The current crisis was precipitated by an Oct. 7 Pakistani government decision to invade the Waziristan tribal areas at the behest of the U.S government. This was intended to support NATO operations in Afghanistan by preventing a post-Ramadan offensive from gestating in the tribal regions. According to Asia Times correspondent Syed Saleem Shahzad, the Taliban responded by activating its insurgent networks in the border region.
Security forces, who were caught by surprise and distracted, largely surrendered without firing a single shot. Musharraf seized this opportunity to declare a state of emergency, suspend the constitution, dump the judiciary, and arrest hundreds of lawyers, all ostensibly to crush the militants.

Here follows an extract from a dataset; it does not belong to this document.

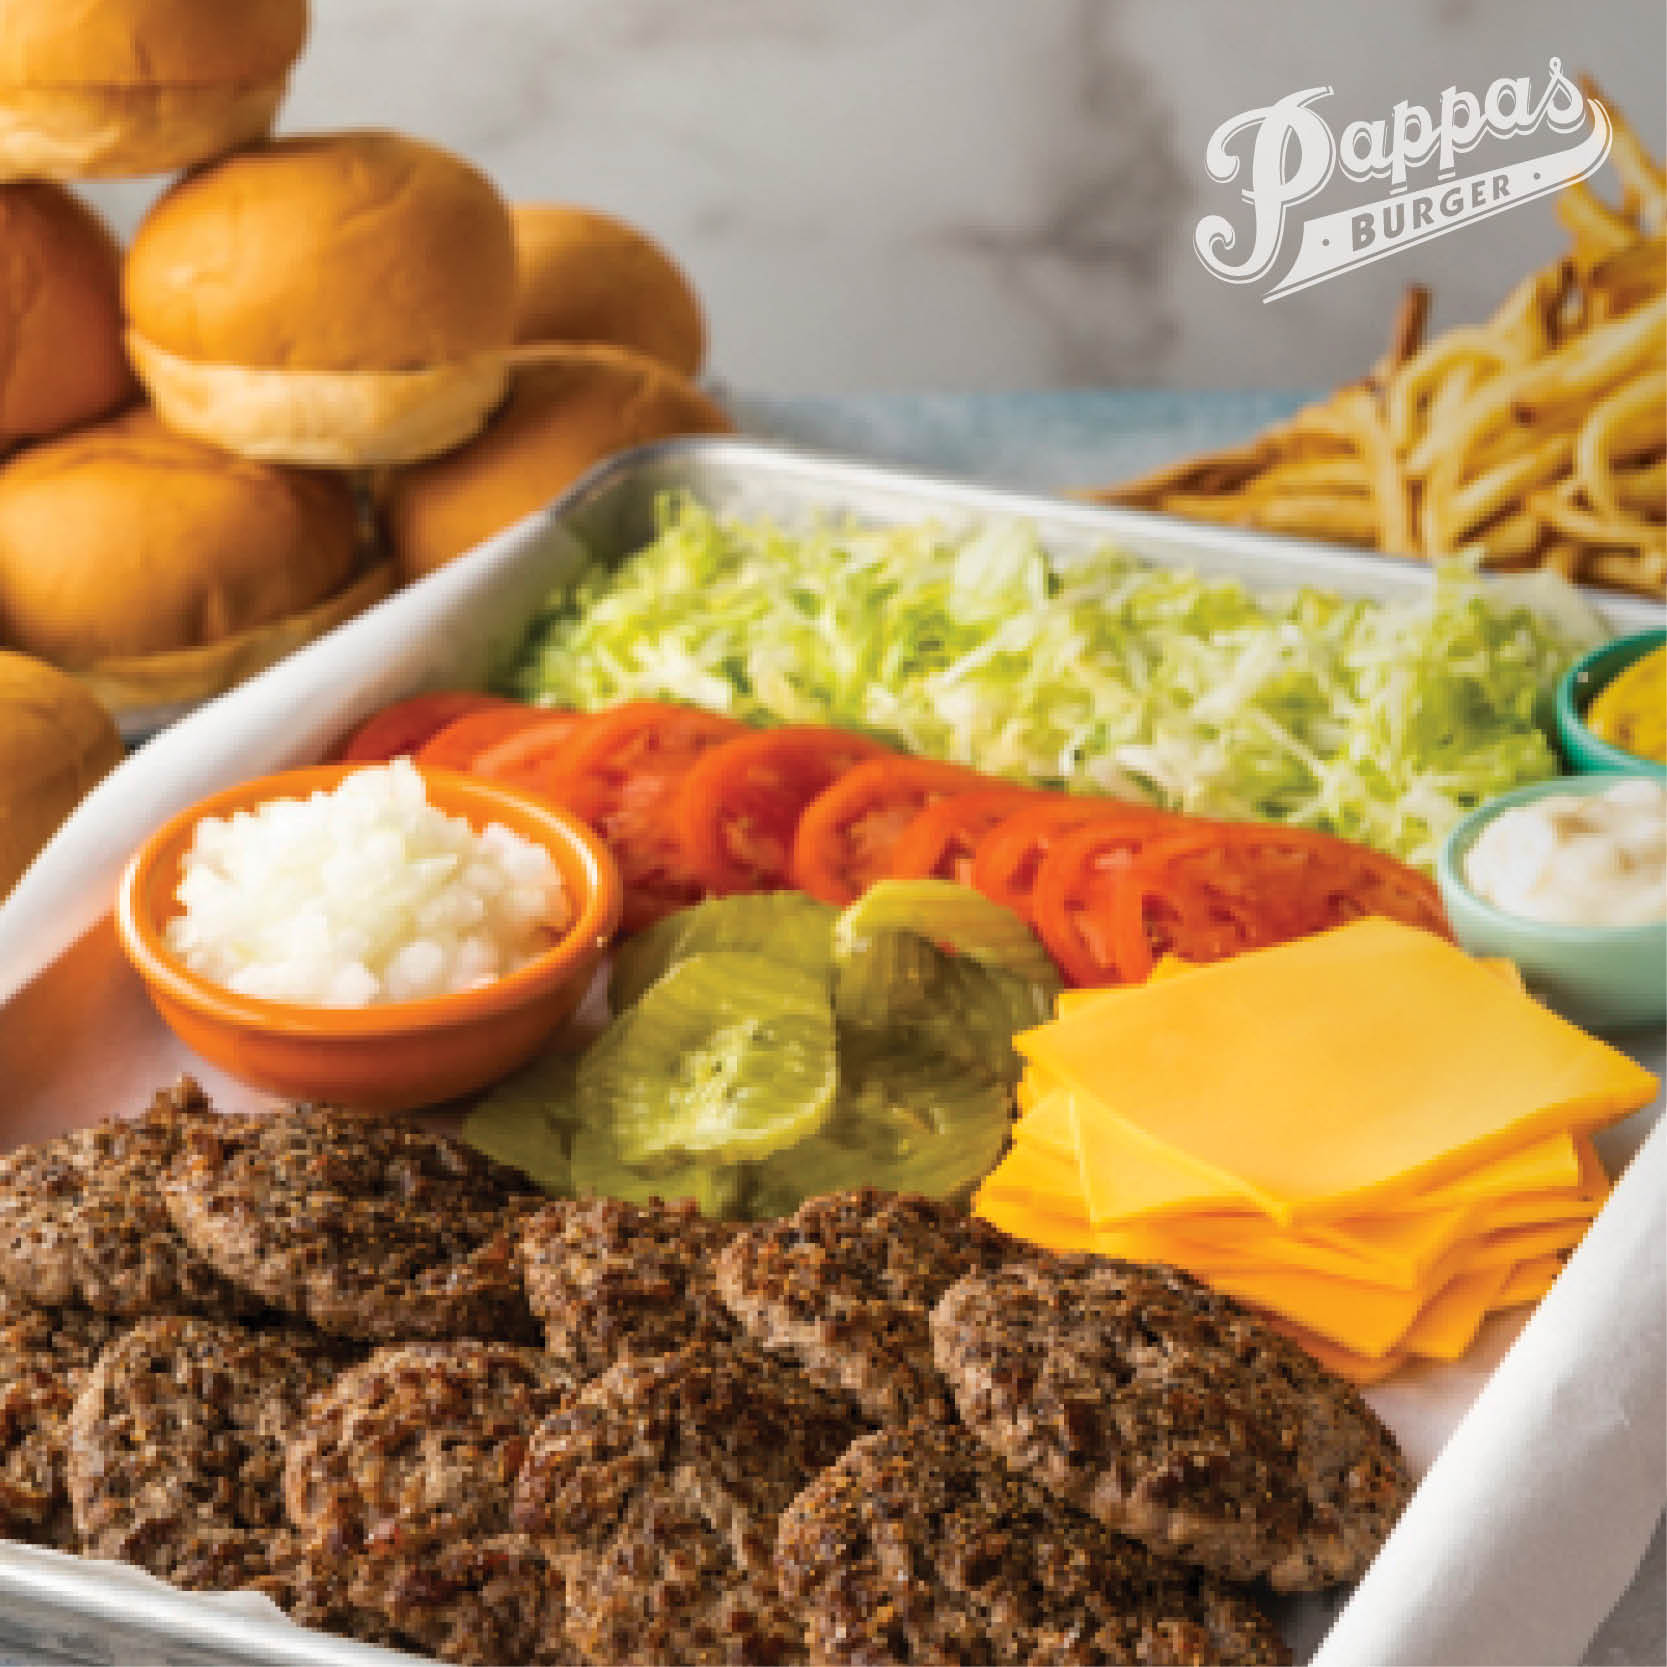 Pappas Burger - Burger Weekly

At first it appeared that Musharraf was serious about clamping down on militancy when it was reported that soldiers operating in Waziristan were largely largely Shiite; Sunni soldiers have often refused to fight the Taliban as it is largely composed of their fellow Sunnis.
Despite initial appearance of conflict, however, Reuters reported on Nov. 4 that 213 Pakistani Army personnel, abducted earlier in the border region, were released, signalling that a deal of some kind had been made with the government. This would not be surprising.
Any effective crackdown on Islamist extremism would also require a purge of sympathizers from Pakistan’s security apparatus. For the chronically embattled Musharraf, this is untenable as it risks alienating the military, and subverting his own base of support. No serious campaign is likely to be forthcoming.
This is could cause significant problems for Canadian forces in Afghanistan, as it grants a base of support to the Taliban in the tribal regions just across the border. The Durand line, which separates the Afghan theatre from Pakistan, has never been viewed as legitimate by ethnic Pashtuns who form the bulk of the insurgency. Pashtun militant groups, who operate under the Taliban banner in Pakistan and Afghanistan, routinely cross the border unobstructed. Reportedly, many Taliban and Al Qaeda leaders live on the Pakistani side, where they organize and initiate offensives against NATO-led coalition forces. Pakistan also serves as an important conduit for Afghan heroin exports which fund much of the extremist activity in the region.
In order to uproot the Taliban in Afghanistan, you must also have firm control over Pakistan’s restive tribal regions. As long as Musharraf is forced to prop his regime up on the back of the military it is doubtful that this will occur.
Of course, it’s still too early to predict what will happen as circumstances in country seem to shift every twenty four hours. What’s certain is that all possible outcomes will have significant repercussions for NATO operations in South and Central Asia.